Figure 1 shows that three primer combinations, namely, Me1-Em1, Me3-Em9, and Me4-Em2, could be used to determine hybrid purity because they exhibit polymorphic bands between the male and female parents in hybrid combination 4 (1,979 × 106).
Hybrid identification
Only the primer combinations that amplified male parent-specific bands of each hybrid were considered to verify hybrid purity. Table 6 shows the following: (1) Primer combination Me1Em8 verifies that 2-01 is a true hybrid whereas 2-07 is not a true hybrid in hybrid combination 2 (1,979 × 109). (2) Primer combination Me4-Em2 can verify hybrid purity in hybrid combination four (1,979 × 106) because it exhibits two bands (950 and 1,450 bp) in the progenies, which are specific to the respective male parents in all cases. The 9 progenies of hybrid combination 4 (1,979 × 106) have 1 or 2 male-special bands except for 4-08. Thus, these progenies may be verified as true hybrids (4-01, 4-02, 4-03, 4-09, 4-11, 4-12, 4-13, 4-15, 4-16). Hybrid 4-08 is not a pure hybrid (Fig. 2). (3) Two progenies are pure hybrids (7-01, 7-18), whereas 4 progenies (7-03, 7-08, 7-17, 7-19) are not true hybrids in hybrid combination 7 (3,079 × 45).
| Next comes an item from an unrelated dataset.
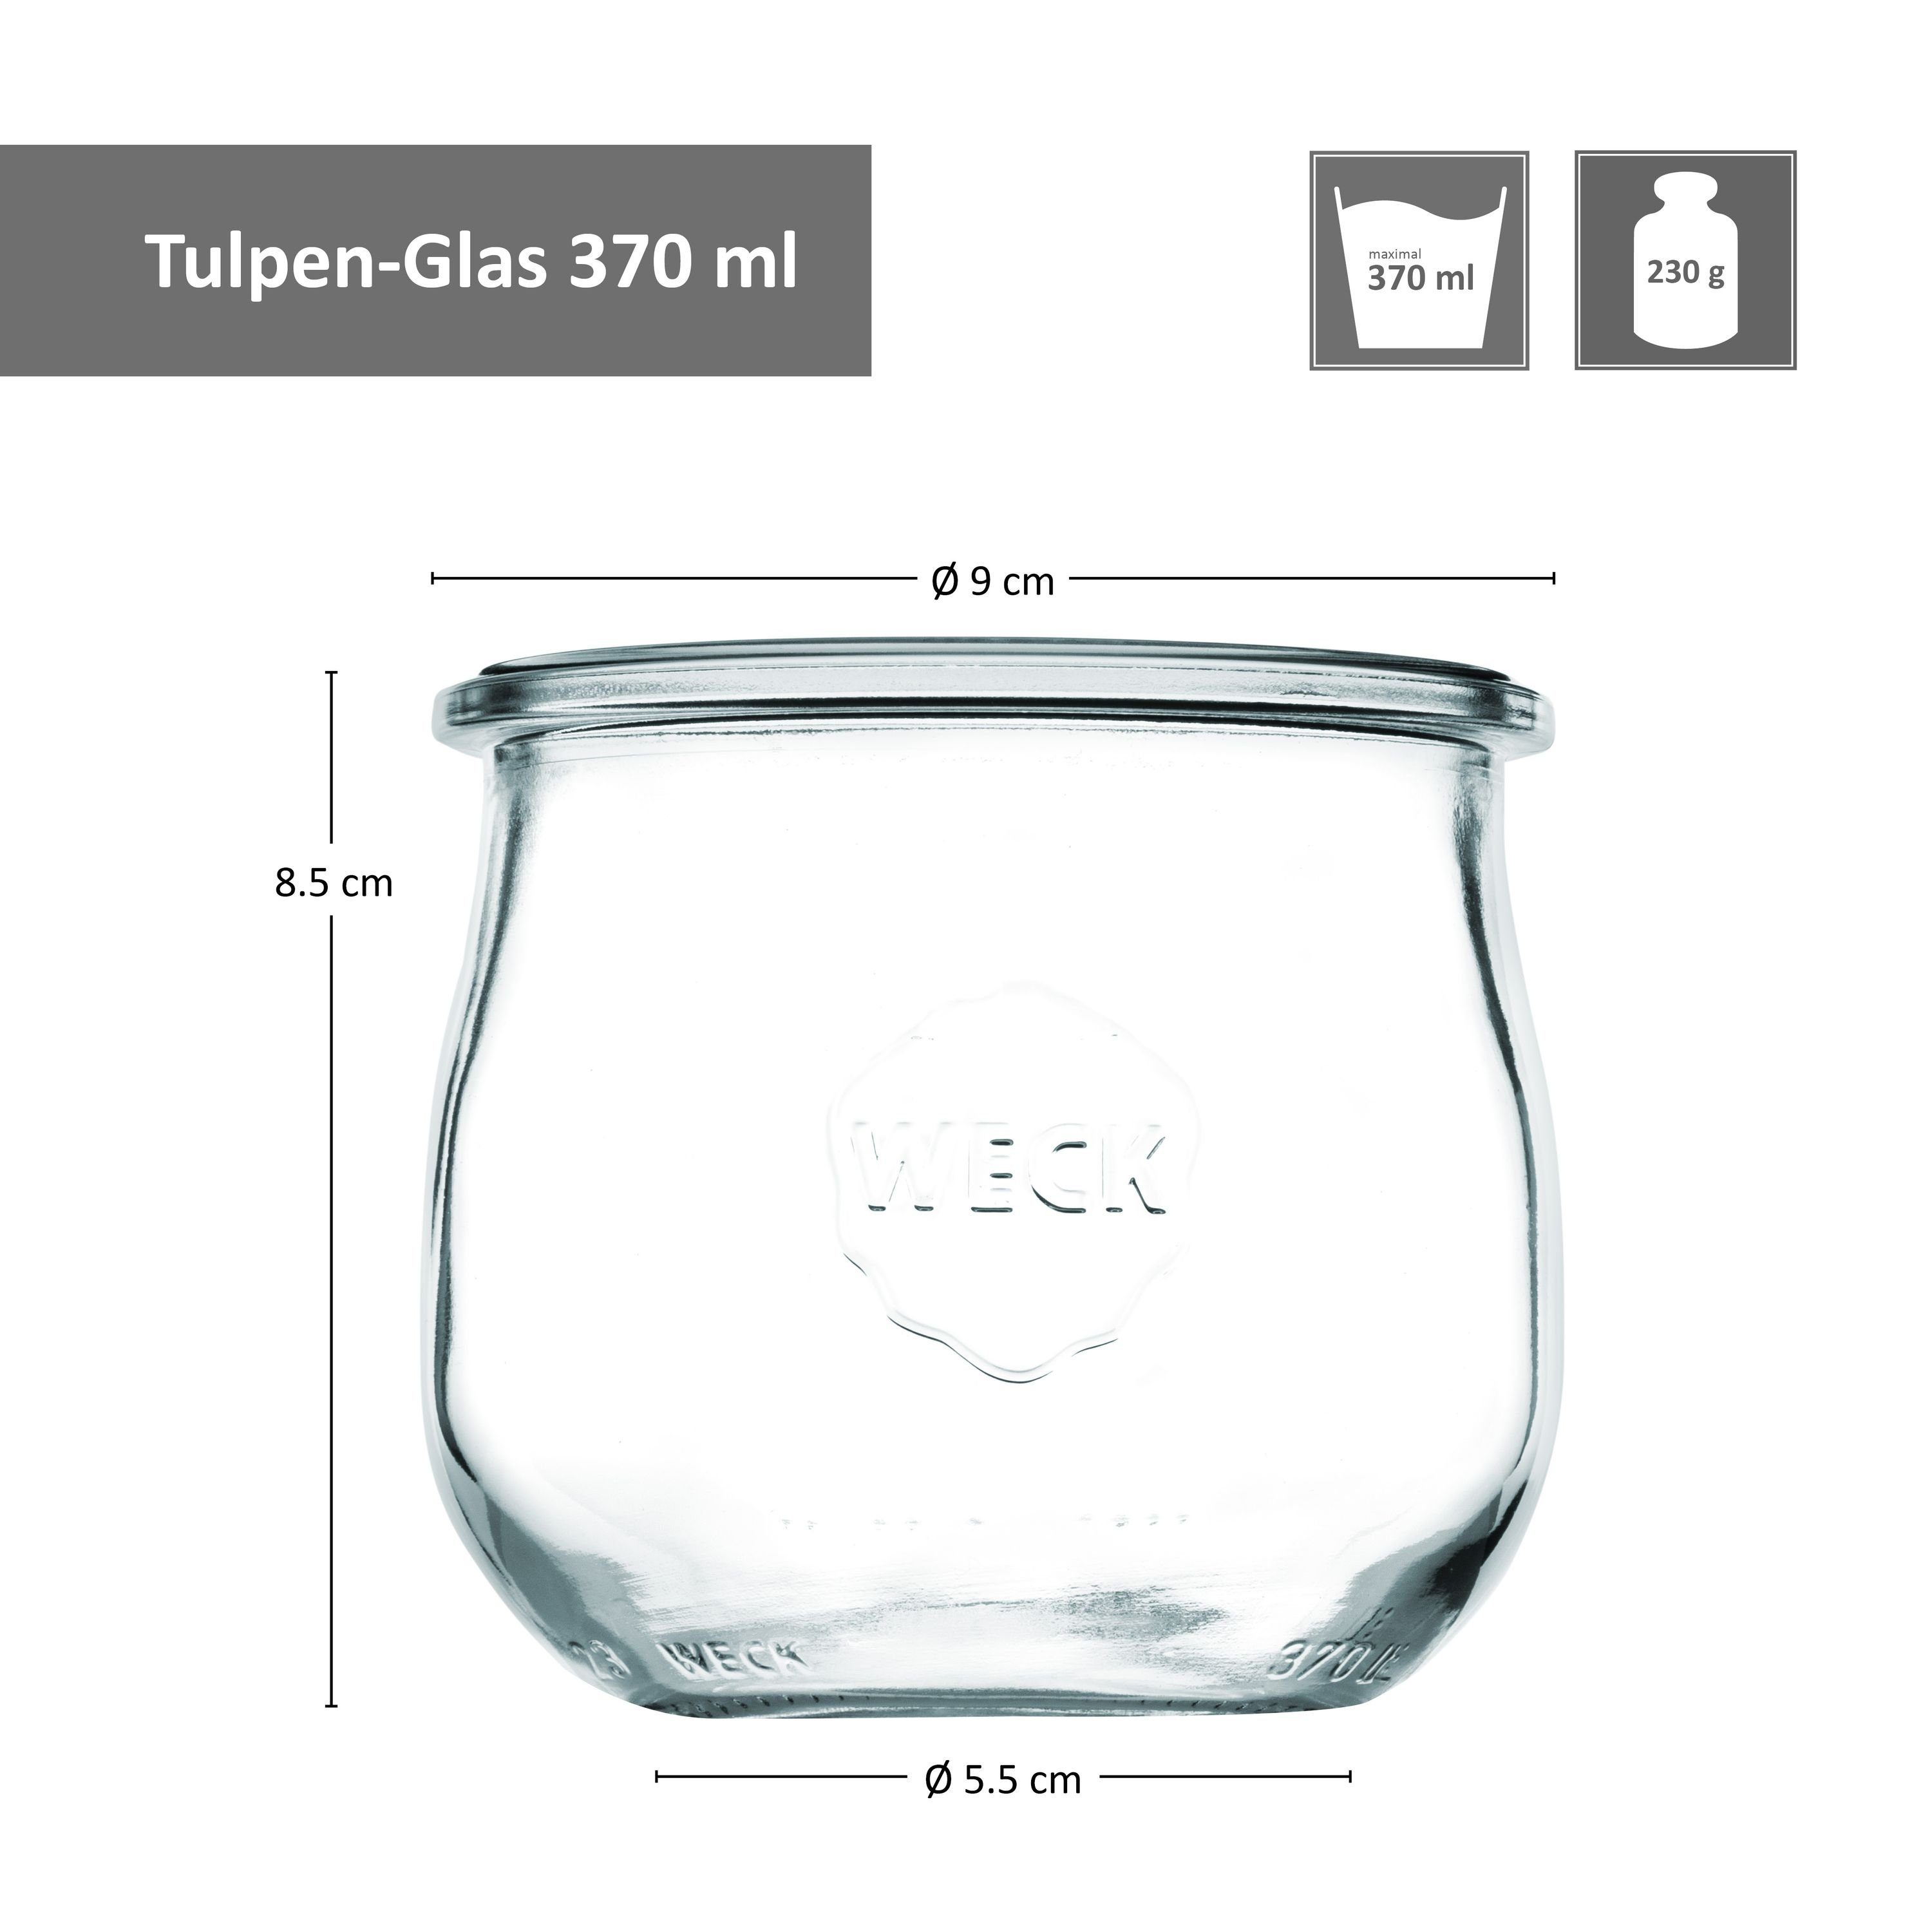 Set 48er Einmachglas 370ml Glas Weck Tulpenglas Gläser inkl MamboCat Rezeptheft,

Hybrid purity may be verified by Me5Em10. (4) Four progenies in hybrid combination 7 (3,079 × 45) are pure hybrids (16-04, 16-06, 16-07, 16-08), as verified by Me1Em8. (5) Only 19-07 is a true hybrid in hybrid combination 19 (3,206 × 16). All other progenies are not true hybrids (19-06, 19-07, 19-08, 19-09, 19-10, 19-11, 19-12, 19-13, 19-14, 19-15,19-16), as verified by Me5Em10. (6) Twenty-eight progenies of hybrid combination 21 (3,265 × 16) are true hybrids (21-01, 21-02, 21-03, 21-04, 21-05, 21-14, 21-16, 21-19, 21-20, 21-22, 21-23, 21-28, 21-29, 21-31, 21-32, 21-37, 21-40, 21-41, 21-44, 21-46, 21-51, 21-52, 21-53, 21-54, 21-60, 21-69, 21-70, 21-71); these findings may be verified by Me9Em1. (7) Eighteen progenies in hybrid combination 22 (3,268 × 16) are true hybrids (22-01, 22-03, 22-04, 22-06, 22-07, 22-09, 22-10, 22-11, 22-12, 22-13, 22-14, 22-15, 22-16, 22-17, 22-18, 22-19, 22-20, 22-21), as verified by Me5Em10, Me10Em7, Me8Em1, and Me4Em2. (8) Five progenies in hybrid combination 28(3,321 × 109) are true hybrids (28-01, 28-03, 28-04, 28-05, 29-07), as verified by Me5Em10 and Me8Em9.
Discussion
Identification of hybrid authenticity is important in cross-breeding. The rapid and accurate identification of hybrid authenticity is an important basis of cross-breeding. However, not all types of markers are suitable and or feasible for identification and characterization of the hybrids. Traditionally, grow-out trails (GOTs) has been widely applied to hybrid identification in a variety of crops, which involve growing a representative sample of the seed followed by analysis of several morphological characteristics in different developmental stages. However, GOTs is time-consuming and costly, and requires extensive use of land. Furthermore, GOTs is easily affected by growing conditions which making the determination difficult [19]. Isozyme electrophoresis technologies also have been employed for hybrid identification, but the limitation of this method is their failure to detect polymorphisms in closely related lines. Thus, more sensitive methods are necessary to test and determine hybrid purity. This has shifted the focus to DNA-based molecular markers.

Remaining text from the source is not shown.